It’s time once again to dip into the ’80s and revisit another issue of the Raider Record, the junior high school paper of which I was copy editor between 1985 and 1987. As always, you can find every issue from that period scanned in PDF form here, or you can view or download this specific issue here. Going through and scanning these, lots of memories came bubbling up to the surface, unbidden, that I thought would be entertaining to record for posterity here.
Previous installments of this blog series mentioned that we were on the bleeding edge of (budget) desktop publishing technology, and my own experience with the Apple II was coming in perhaps too “handy” in the process of putting the paper together. By now, we’re on issue #3, we’ve hit something resembling a stride, and let’s see what all I can pick up at a glance from my dusty, cobwebbed synapses.
- I apologize for turning Michelle Obana into an Irish lass in the front page orchestra article.
- How on earth did I end up writing the “Runaway” piece? I was such a homebody that I don’t think the thought had ever occurred to me at that point in my life. Later, yes, but in 1985?
- It’s interesting how closely we were watching the Northside closed campus “crisis” unfold, considering that I’m not sure anyone working on the paper was even old enough for a learners’ permit.
- Hey, Fluffy’s back!
- That “Dear Dora” letter…wow. I suppose it’s something of a universal scenario, but 2016 Me is just a little surprised to see the notion even so much as entertained. Different times.
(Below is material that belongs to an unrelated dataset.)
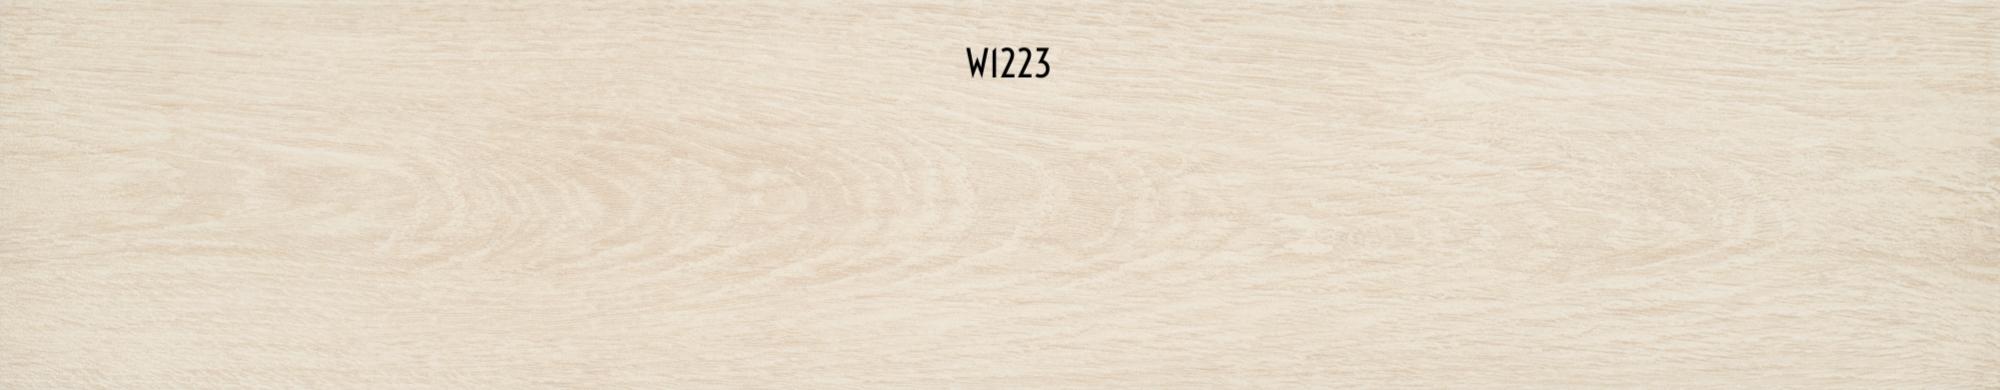 W1223

- Not only am I still talking about Halley’s Comet (its impending arrival was very heavily in the news at the time), but I’m pimping the local Apple-based computer bulletin board system of which I was the system operator (SysOp) at the time, hilariously called PMS. The amount of stuff with my byline in this issue makes me think we were on crunch time, and/or had lost some people as the first semester wound down. (It happens.)
- My major memory of this issue is the somewhat abrupt conclusion to the serialized “Night Fright” story that had begun in the first issue. When I happened upon this, the memory came back pretty forcefully: what you’re reading here is a replacement for what was originally handed in by the writer of the first two segments of the story. I forget exactly what the third installment was like, but I do remember that it hit us as disturbing, and Rob Heyman wound up having to wrap the story up quickly. I don’t remember anything more specific than that, which may be just as well; it was pretty macabre stuff. I don’t think we ever did the “original fiction” thing again, though some original poetry would keep showing up from time to time.
That’s really it for this issue. I’m sure we were all ready for Christmas break to hit (and we probably are now too), and worrying whether or not we’d get that Swatch we all undoubtedly asked Santa for (see page 6).